I asked her why do you write poetry? and she told me about having to wear dresses made from organdy, a material that scratched and chafed, that hurt to wear. She told me about not liking poetry when she was in school, because she thought all poetry had to rhyme. That was a long time ago, 30s, and 40s, and a bit of the 50s, she said.
I asked her what do you write about? and she told me about the first poem she ever wrote. Her grade one teacher has asked each student in the class to write a poem (we called them verses then, Helen said). She asked them each to write about a pet dog. She said: And I didn’t have a dog. I had a cat. I just thought I wasn’t allowed to write about a cat. So I wrote about my grandmother’s dog, who I knew quite well. I remember the poem: I have a dog/His name is Laddie/He’s a very nice dog/but he barks at daddy.

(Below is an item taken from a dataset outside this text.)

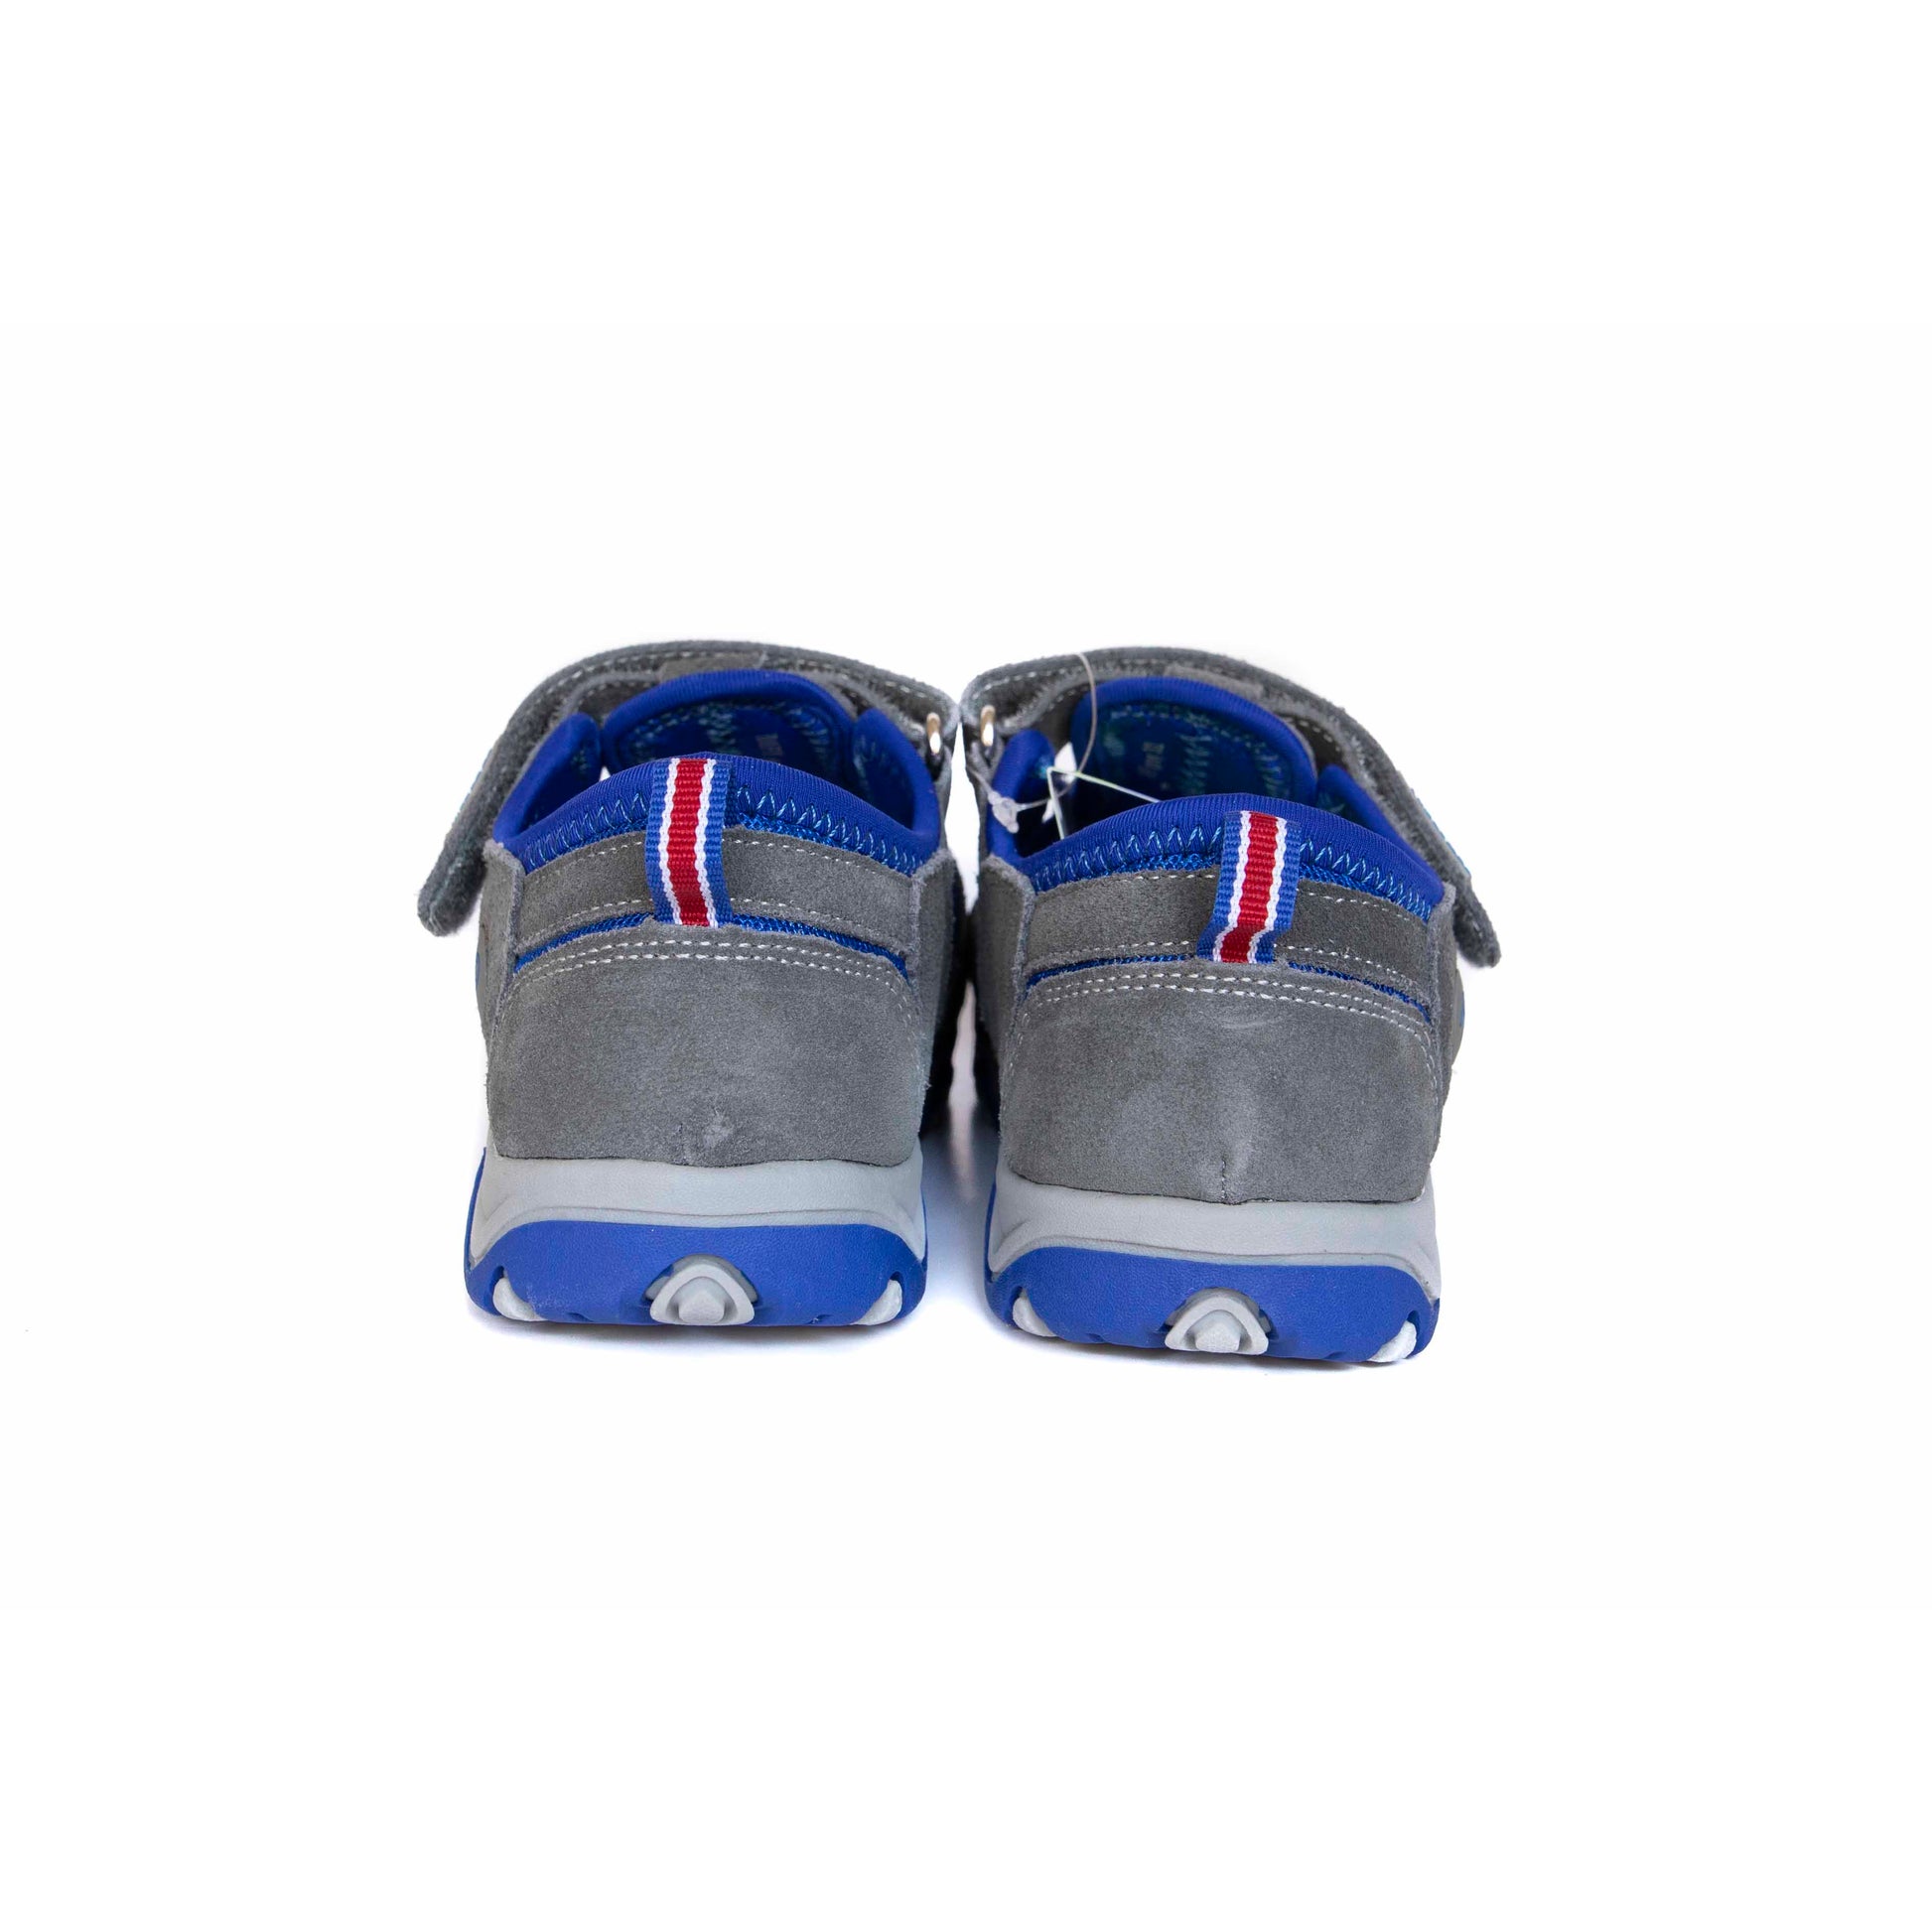 DAFY grey older boys arch support sandals - feelgoodshoes.ae

I love how even in writing of her very first poem Helen was already grappling with the tension between truth, a creative interpretation of the truth, and her readers’ expectations. She said: That was a bit of fiction because he never did bark at daddy. And then it was really my grandmother’s dog, because we always had cats.
Her favourite poets are Tom Dawe, William Blake, and Emily Dickenson. I can’t explain why. They just do things the way that nobody else does them, she said.
I didn’t ask her about voice, but she said I’m determined to be my own voice.
Helen writes poetry the way I like it best: plainspoken, irreverent, subversive and gently rebellious, and with a reporter’s eye for moments that matter. She tricks you into relaxing over what you think is a straightforward scene and then makes a sudden turn at the end. In “Mea Culpa,” a man who lectures about how to avoid stress dies of a heart attack and “tomorrow he’ll join the others/ in the cemetery/ stressed out and stressless/ laying side by side.” In the same poem, the man suggests people hire a nanny to reduce stress, and the line “he didn’t mention the cleaning woman’s stress” is wry and filled with laughter. “A Cure For Pessimism” is about an anxious man who welcomes a fatal diagnosis because all his dire predictions “couldn’t happen to him now/ because there wouldn’t/ be time.” “Conversion” is a quick observation about how capitalism is today’s new religion (without using the word capitalism, you’ll be glad to know). There are poems that reflect her feminism in their close attention to women’s bodies and lives, but with Helen’s sense of fun, as in the final poem in the collection “The Lady Vanishes,” in which an aging woman notices that she is losing in height while gaining in years.
By the time I finished talking with Helen and found my seat again, the entire store was full and the people still coming in had to stand at the back of a crowd. That hardly happens for poetry, I think, and could it be said that it happens even less often for poetry about everyday things seen through a woman’s wise, wry eye?
I stayed as long as I could, but slipped out to go to a workshop I’d registered for the week before. I was going to learn beginner’s Mi’kmaw from teachers Marcella Williams and Shane Snook at the LSPU Hall, who were in town as part of the Identify festival. It’d be another way of playing with words and language. I had Helen’s book in my bag and I knew that after the class, after a dinner my husband would cook, after hearing about the dentist appointments and the day at school, after helping with homework and signing permission slips, I’d find time to sit with a glass of wine and pour over her direct-talking, political verse, and think about my own poetry, about life, and the things that chafe and the things that don’t chafe.